◆ **Activity**:
Repeat the data below in full. Pictures must not be part of the copy.

======== Data excerpt

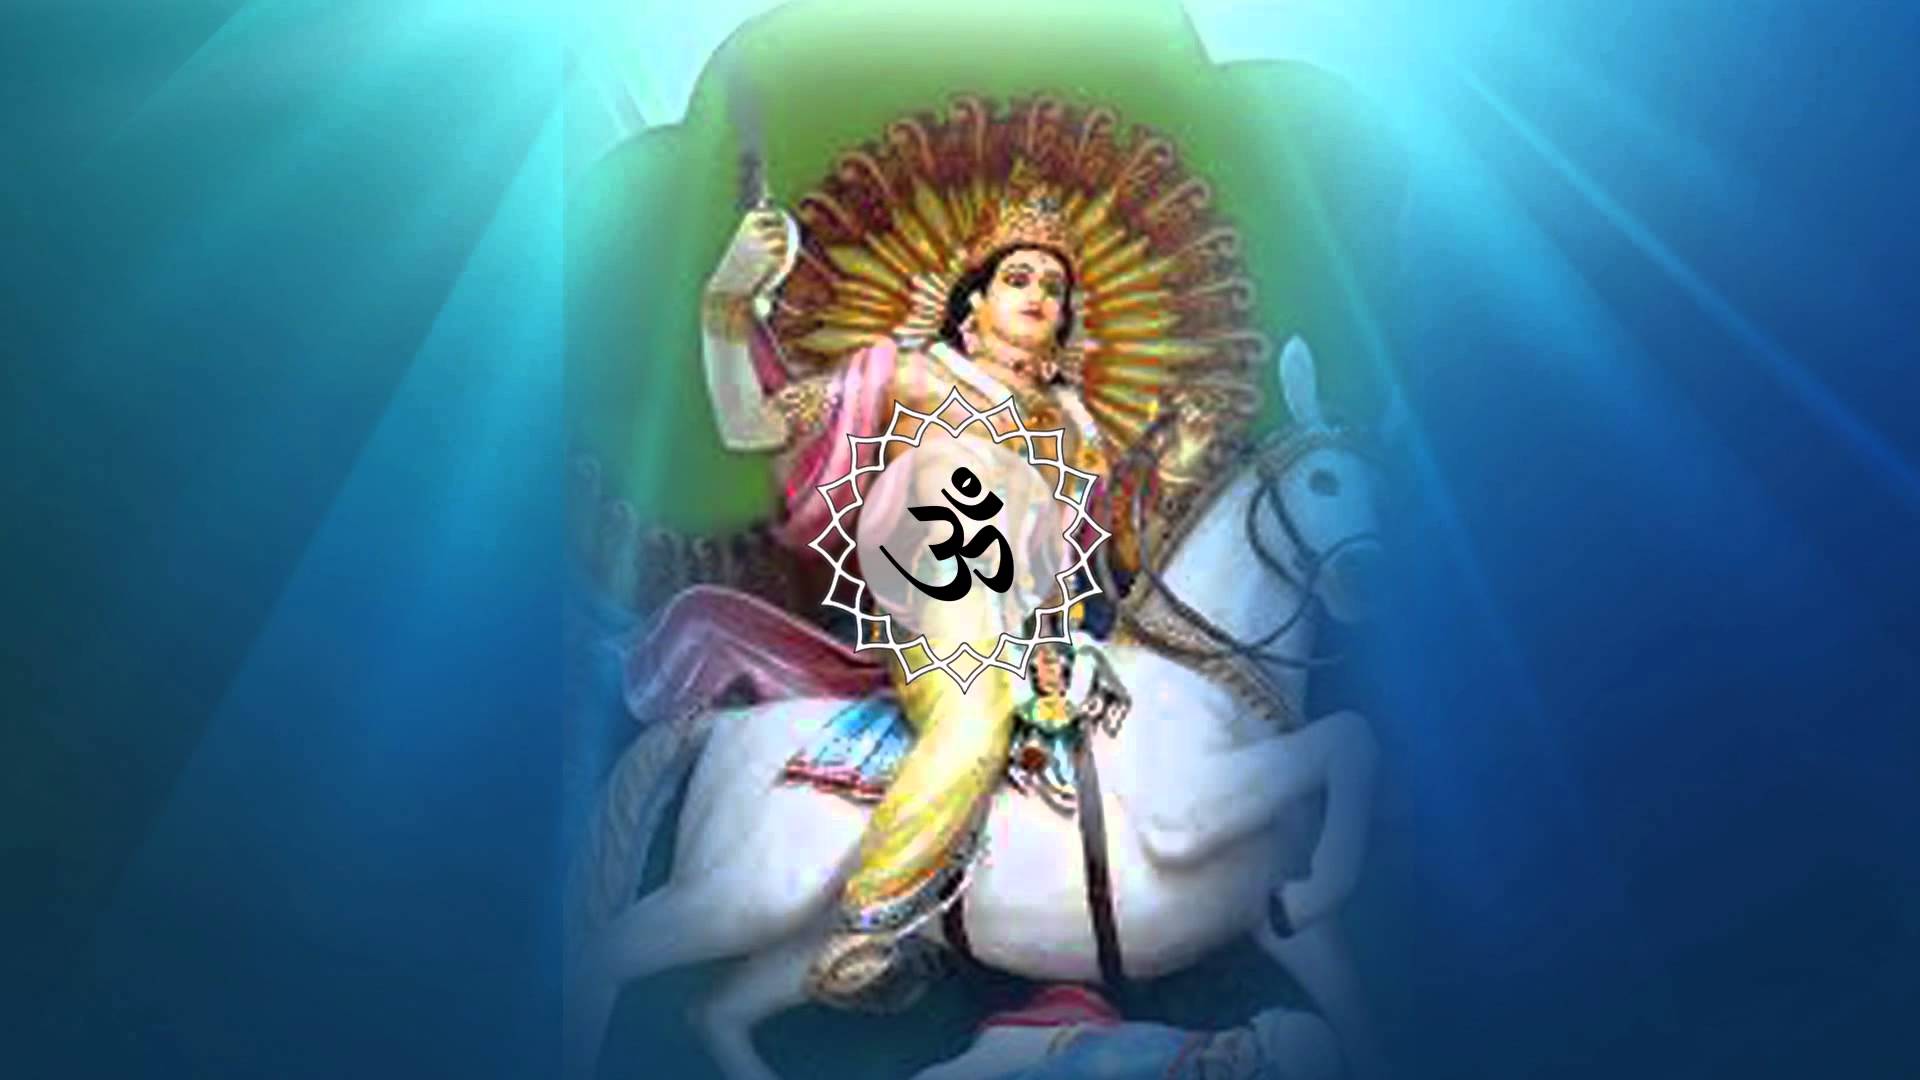 Kalki avatar images for mobile hindu gods and goddesses
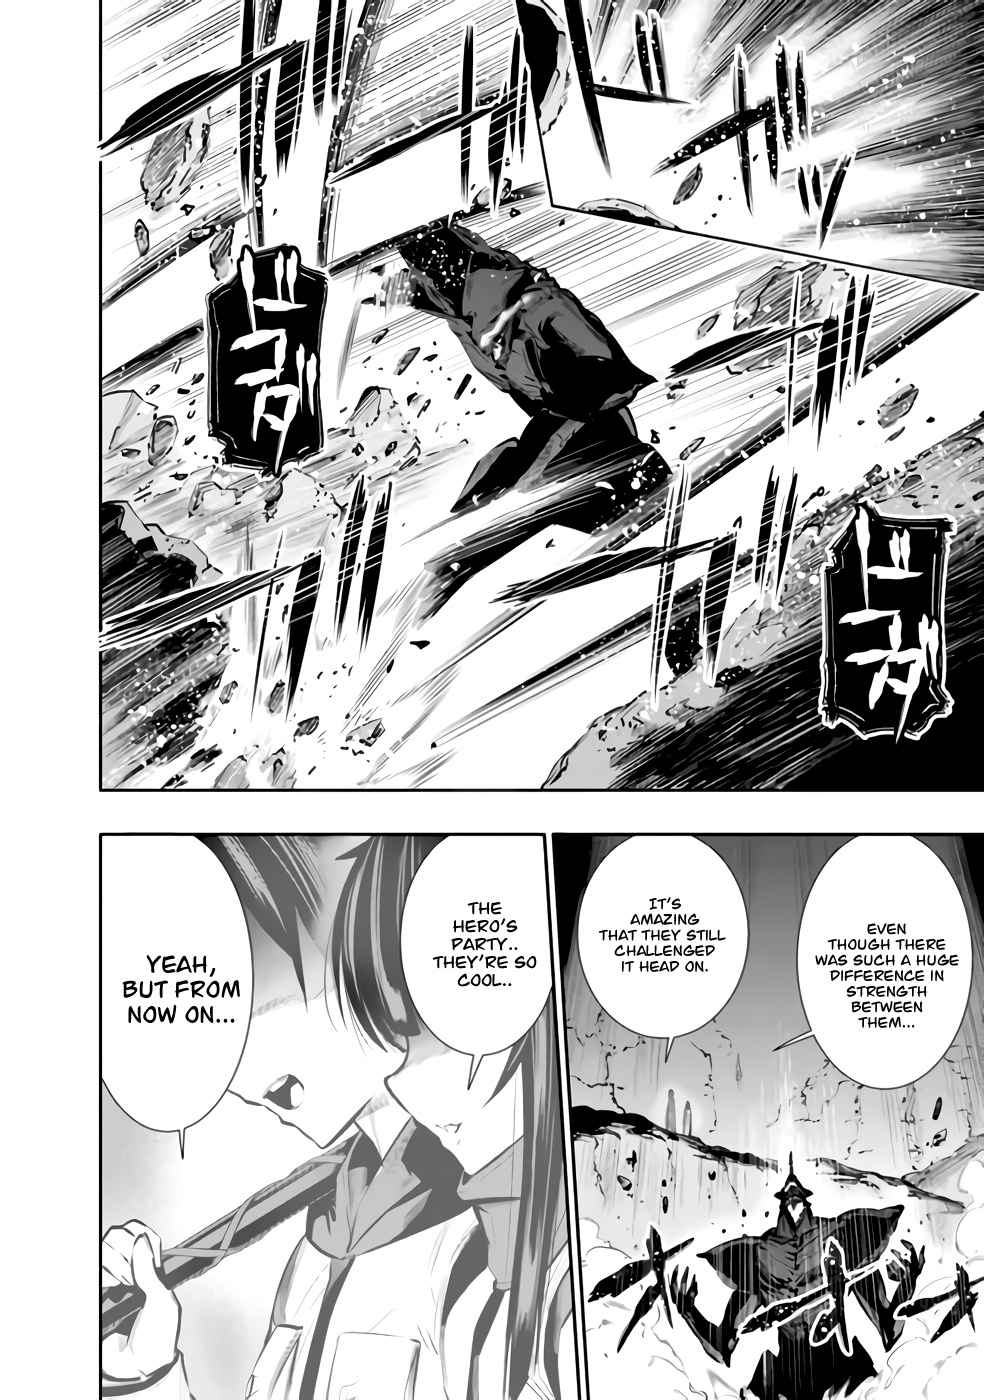 High School Of the Dead Manga Commission - Page 6 by Arashi-Matoi
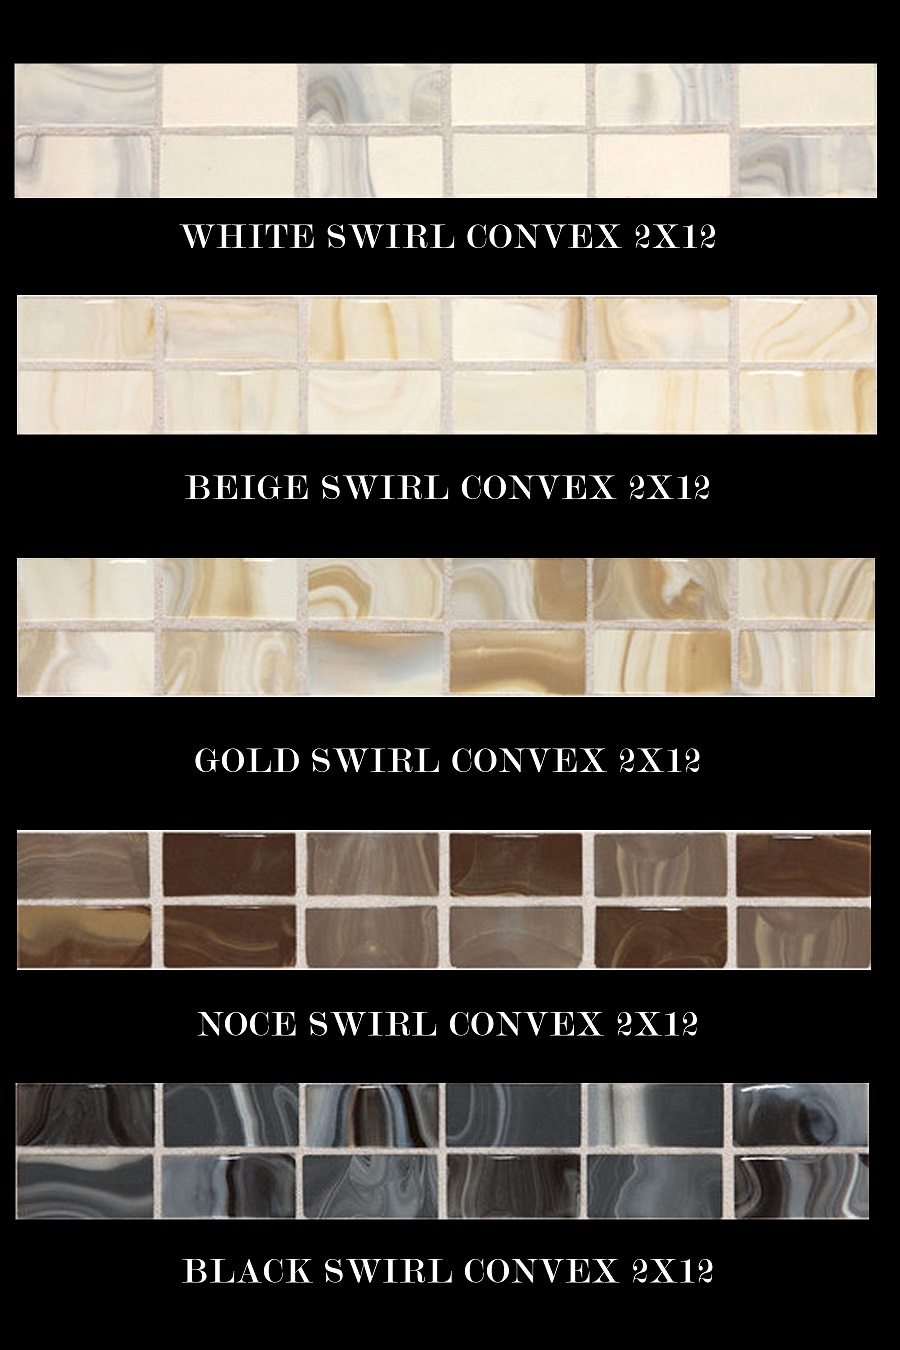 Provincial 2x12 accent strip daltile fashion accents white beige gold noce black marble swirls movement soft
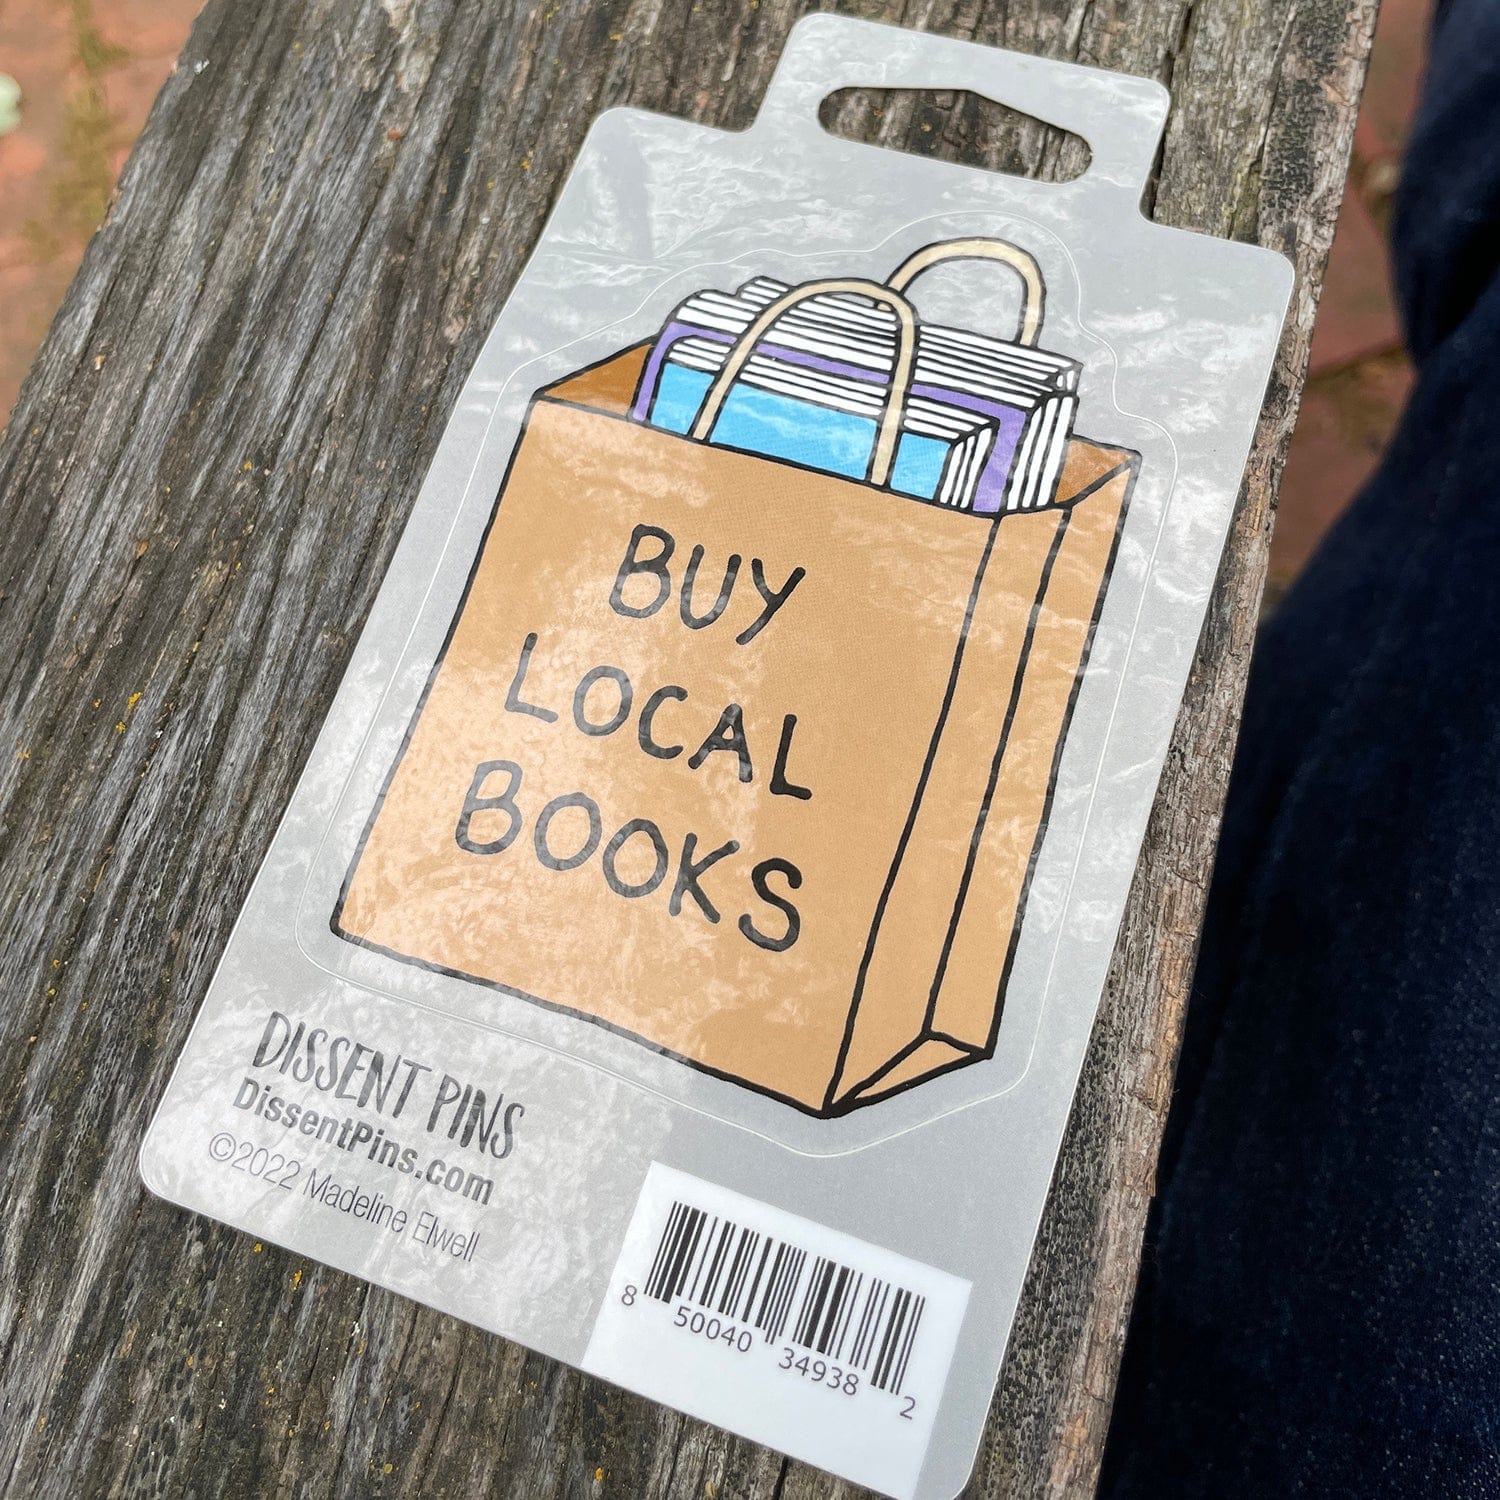 Buy Local Books - Sticker

================

◆ **Exercise solution**:
 Kalki avatar images for mobile hindu gods and goddesses
 High School Of the Dead Manga Commission - Page 6 by Arashi-Matoi
 Provincial 2x12 accent strip daltile fashion accents white beige gold noce black marble swirls movement soft
 Buy Local Books - Sticker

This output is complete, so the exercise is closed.